The first set of lessons I learned were about everything on my side,
especially my own code. The first layer of problems was code et al with
http:' bits in it; it was amazing and depressing how many
places I was just automatically doing that (you could call this 'HTTP
blindness' if you wanted a trendy term for it). The more subtle problem
areas were things like caches, where a HTTP version of a page might be
different from a HTTPS version yet I was storing them under the same
cache key. I also ran into a situation where I wanted to generate output
for a HTTP URL request but use the 'canonical' HTTPS URLs for links
embedded in the result; this required adding a feature to DWiki.
(I also found a certain amount of other software that didn't cope well.
For example, the Fedora 19 version of mod_wsgi doesn't seem to cope
with a single WSGI application group that's served over both HTTP and
HTTPS environment value latches to one value and never
Once I had my own code working I got to find out all sorts of depressing things about how other people's code deals with such a transition. In no particular order:
- while search engines did eventually switch over to returning HTTPS
results and to crawling only the HTTPS version of my site, it
took a surprisingly long time (and the switch may not be complete
even now, it's hard to tell).
- Many syndication feed fetchers have not changed to the HTTPS version;
they still request a HTTP URL then get redirected. I will reluctantly
concede that there are sensible reasons for this behavior. It does mean that the HTTP redirects
will probably live on forever.
- There are a certain number of syndication feed fetchers that still
don't deal with HTTPS feeds or at least with redirections to them.

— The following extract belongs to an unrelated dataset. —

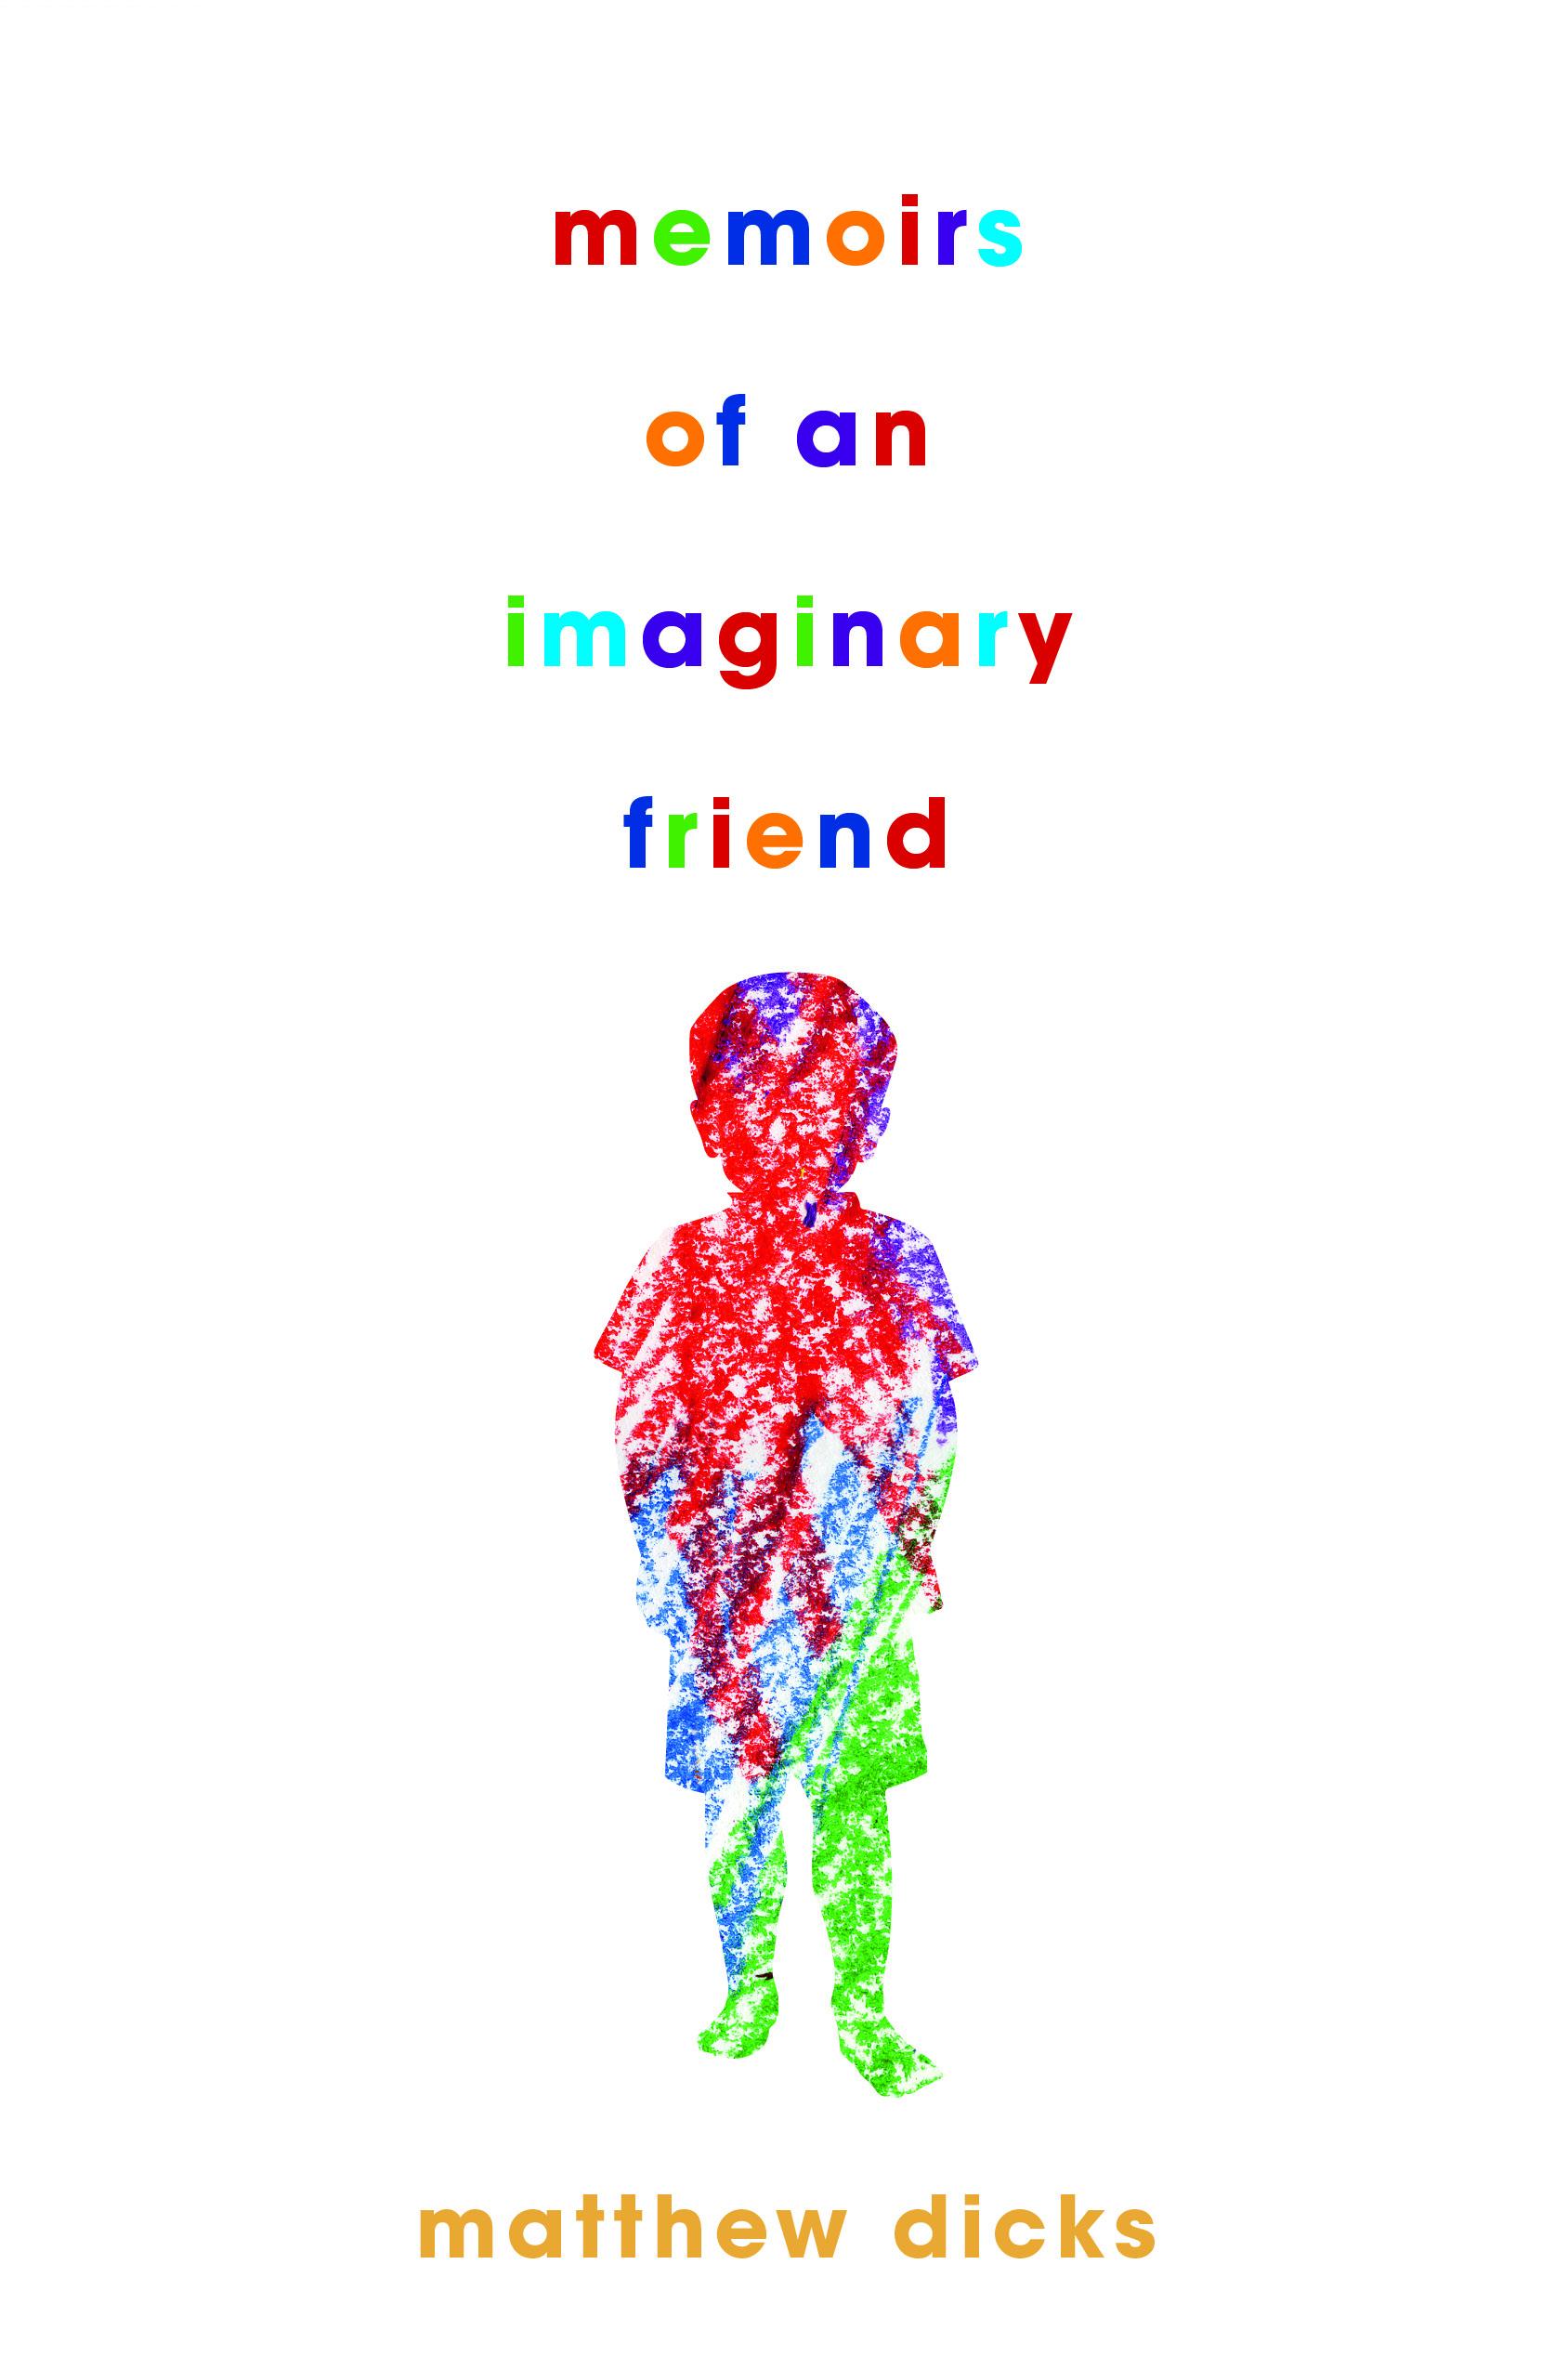 Memoirs of an Imaginary Friend Cover 1.jpg

Yes, really, in 2013. Unfortunately two of these are FeedBurner
and the common Planet software, both of which I at least sort of
care about. This led to the 'generate HTTP version but use the
canonical HTTPS links' situation for my software.
- Some web spiders don't follow redirects for
robots.txt. I decided to not redirect for that URL alone rather than block the spiders outright in the server configuration, partly because the former was a bit easier than the latter.
(I already totally ban the spiders in
robots.txt, which is one reason I wanted them to see it.)
Despite all of this the process has been relatively straightforward and mostly without problems. To the extent that there were problems, I'm more or less glad to know about them (and to fix my code; it was always broken, I just didn't realize it).